Advertisement

For Seniors : Writer Turns Her Passion Toward Health Initiative

Share

People thought she was dead. When a friend called to verify, instead of responding with a witty quip--not out of character for this two-time Emmy-winning comedy writer--she got depressed.

But not for long.

Lila Garrett is alive and well and wants everyone else to be that way too. That’s why she decided to chair the Westside Coalition for Proposition 186--the Health Security Act. As for the premature news of her demise, it’s her old life that’s gone, not Lila Garrett herself.
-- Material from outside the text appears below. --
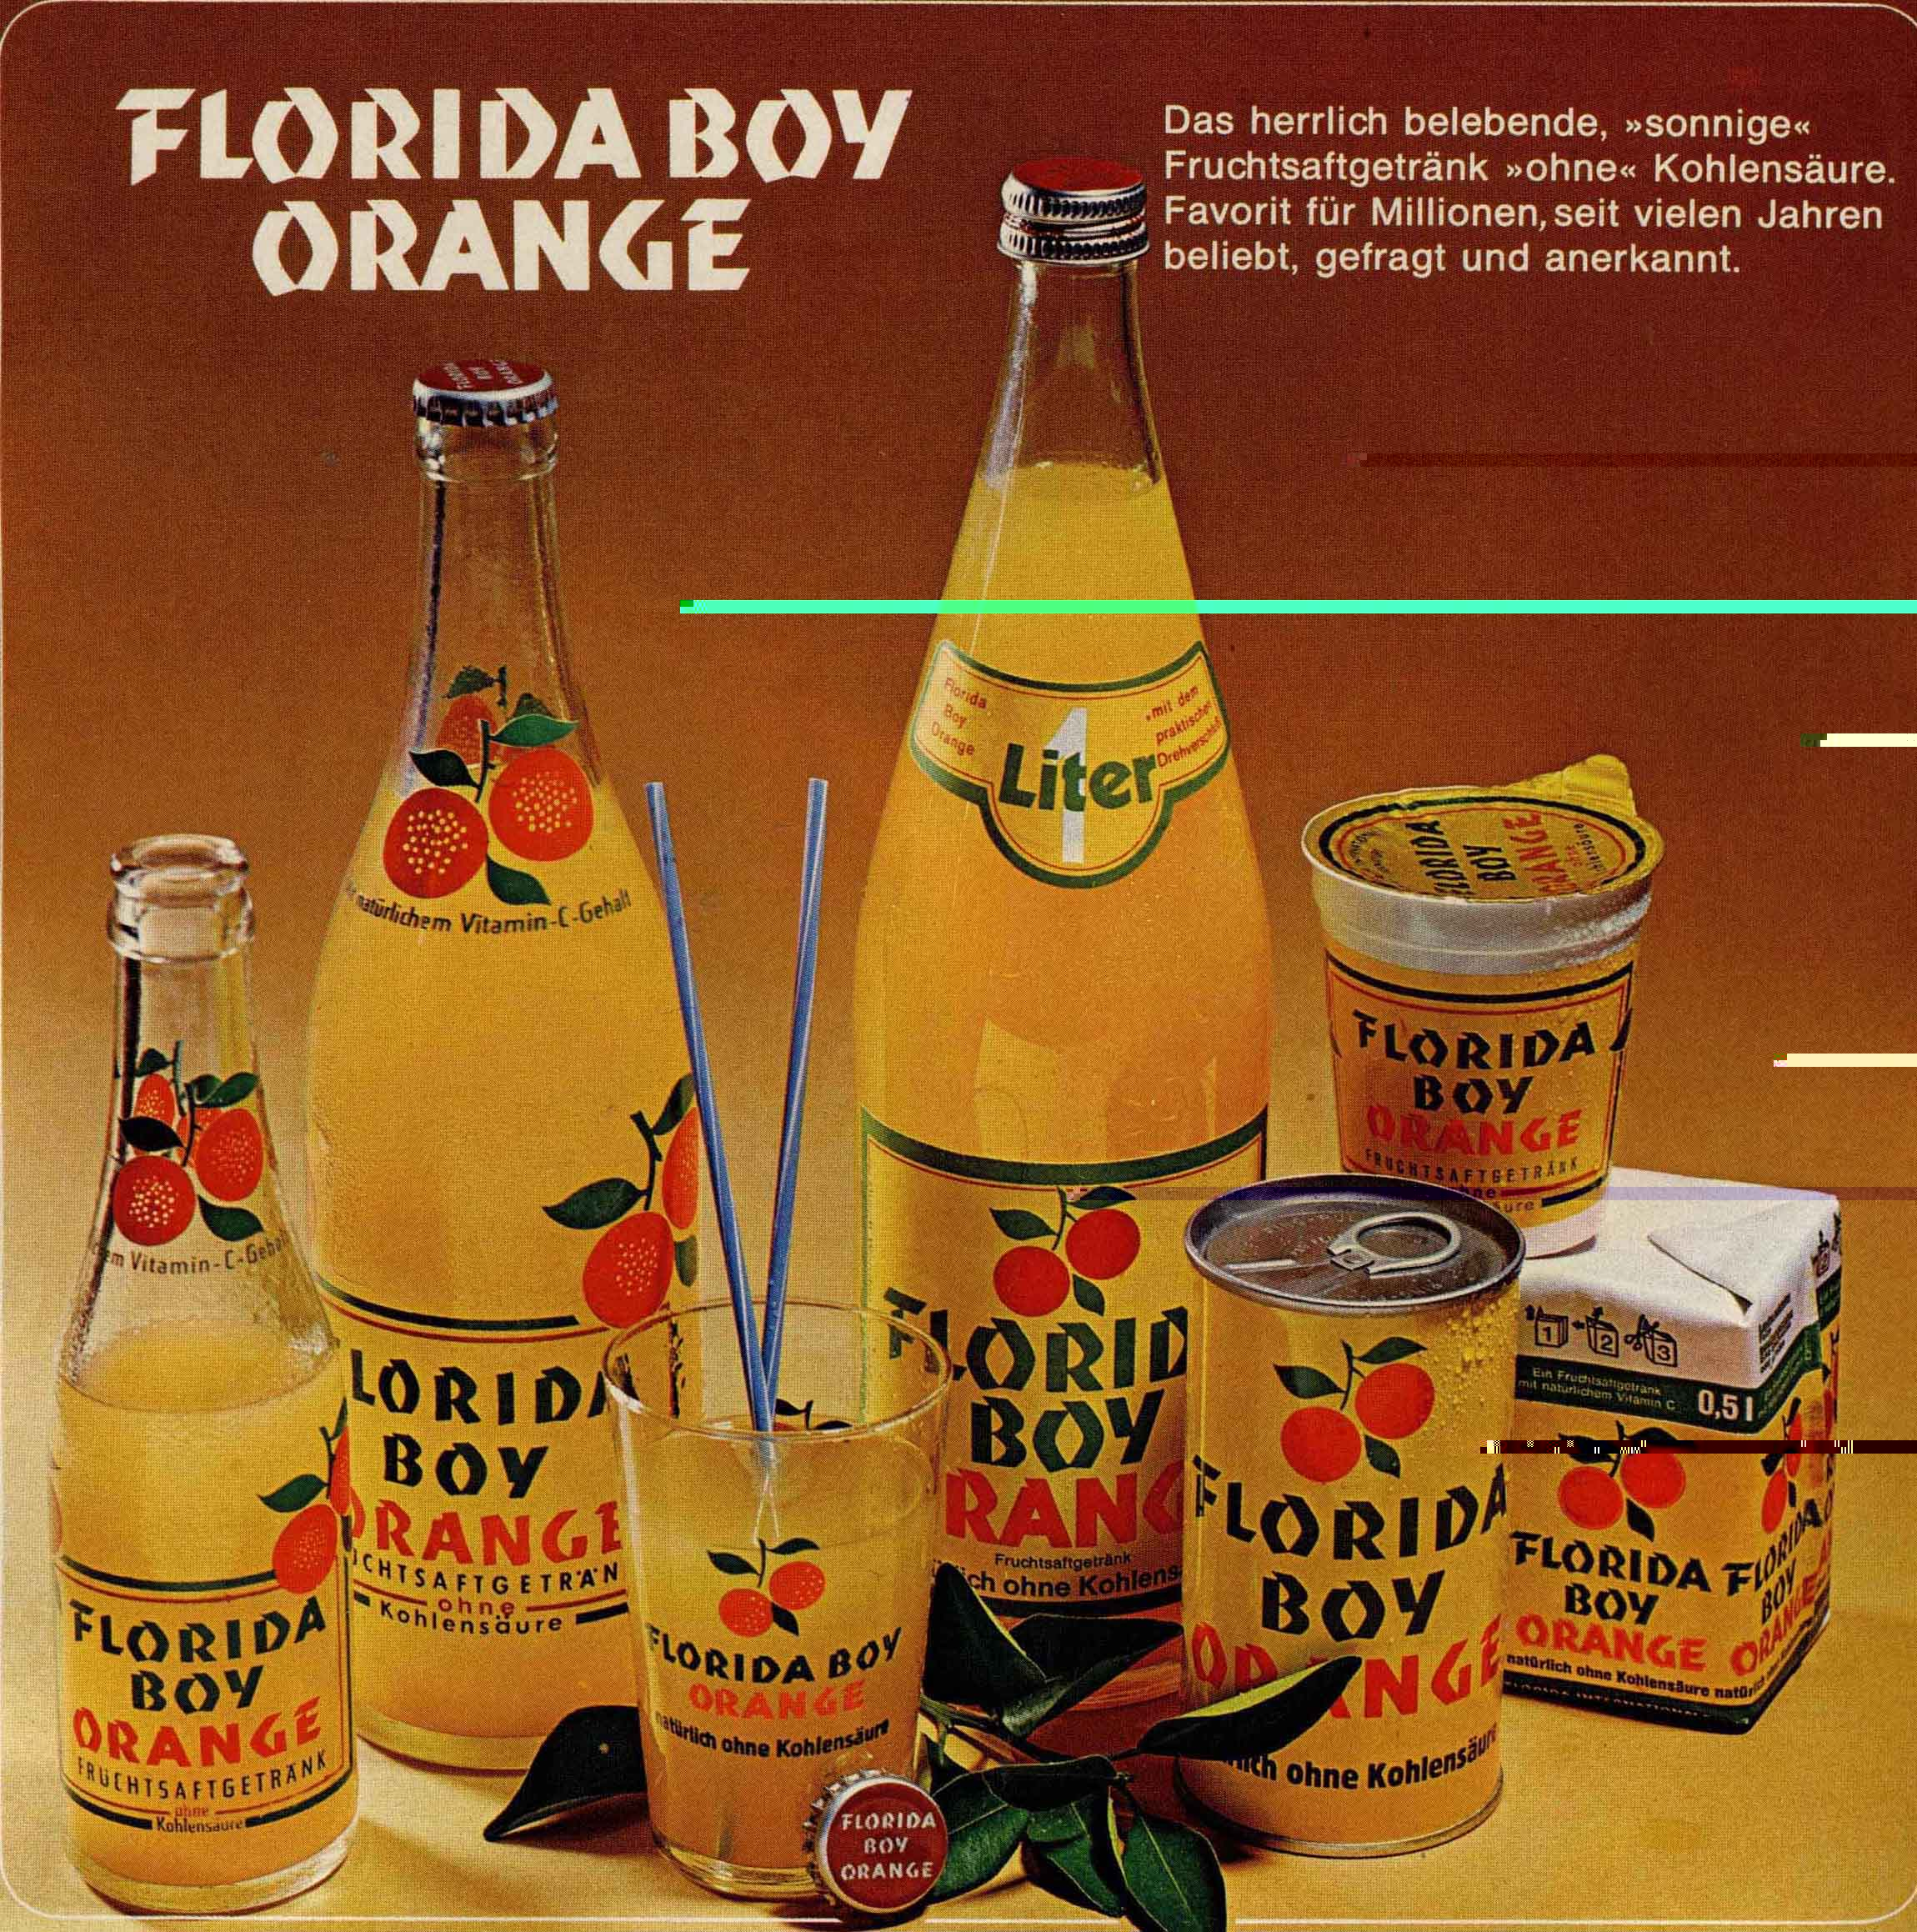 Florida_Boy_Orange_Produktverpackungen.JPG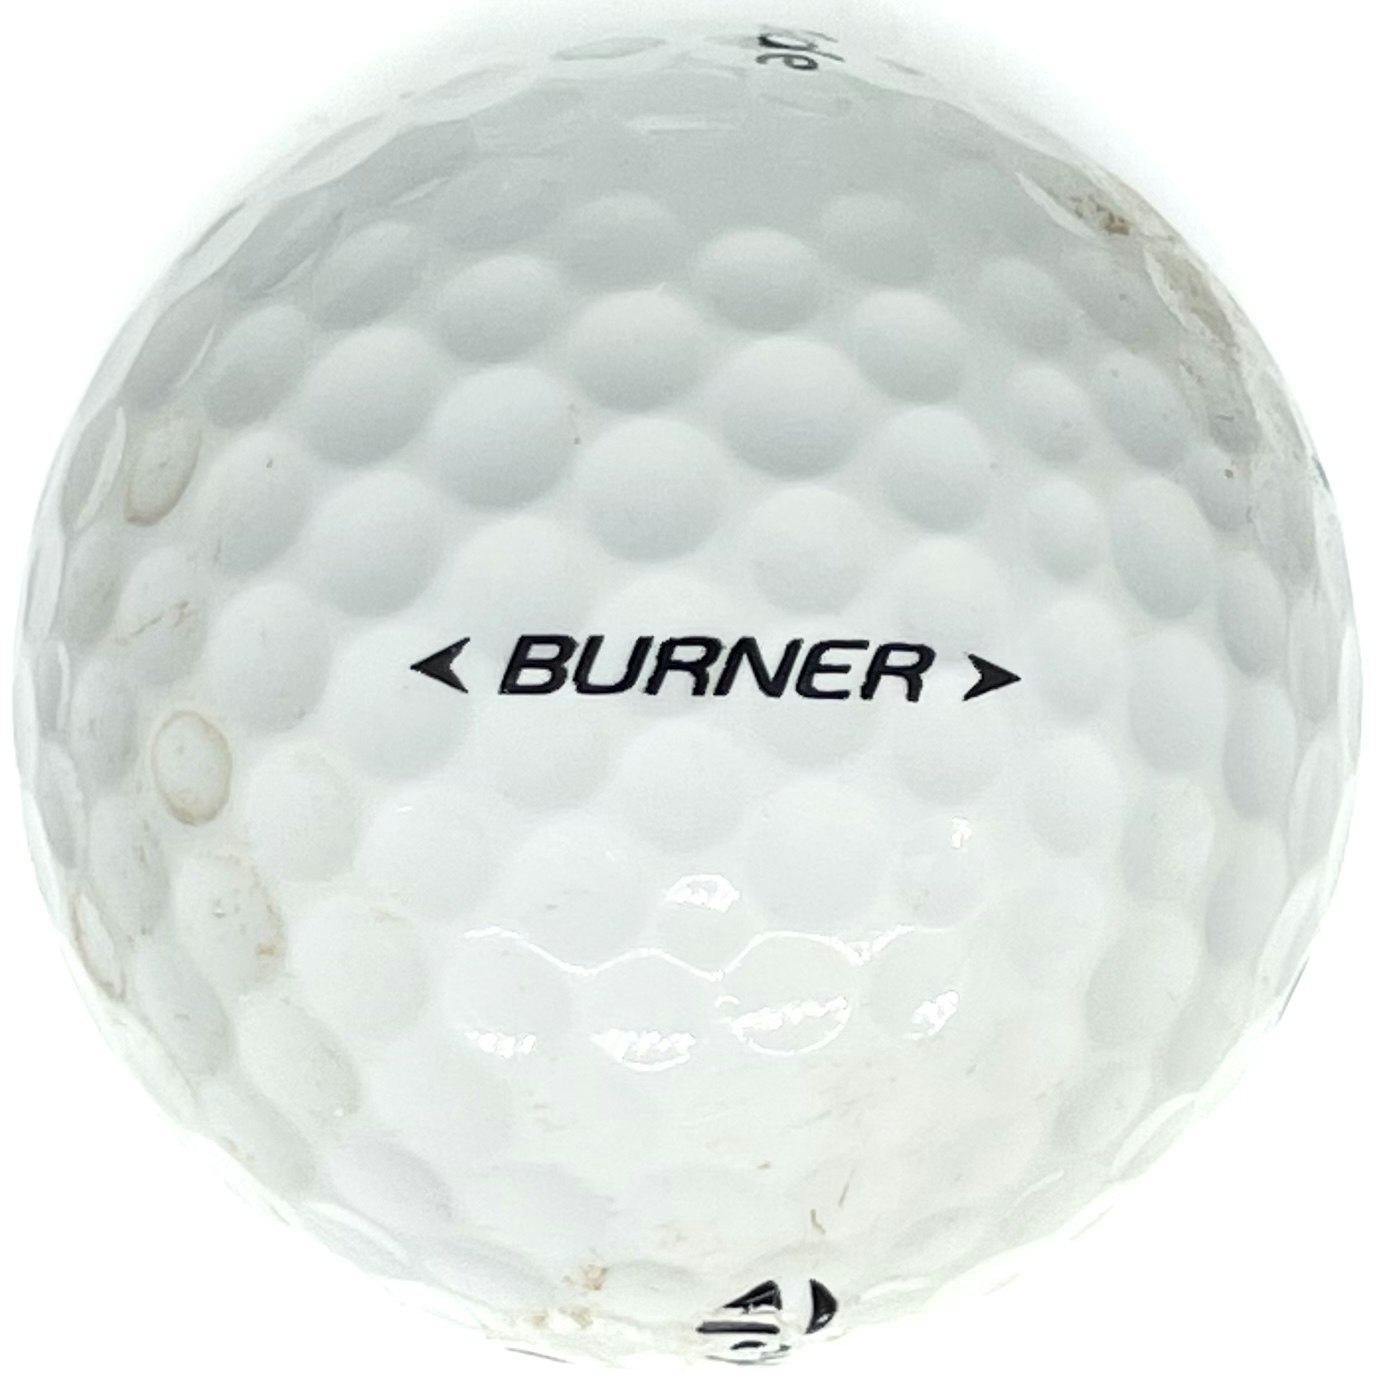 Detta är en vit golfboll, Taylormade Burner

“Hearing that people thought I was dead made me do something which I rarely do--contemplate my life,” she says in her trademark powerful delivery. “I’m single. I’m not working in the business. And I’m not making enormous waves anymore. In other words, according to (the friend’s) image of me, I was dead.”

Advertisement

I’ve known Lila Garrett for almost 15 years. She’s as vulnerable as she is impenetrable, emotional as she is unsentimental. She’s never boring. She can be hilariously funny and downright infuriating. She’s known as difficult by people who love her and imperious by those who don’t.

“When a woman is described as difficult it usually means she’s too assertive, too opinionated, too something or other which is never too anything for a man,” she said.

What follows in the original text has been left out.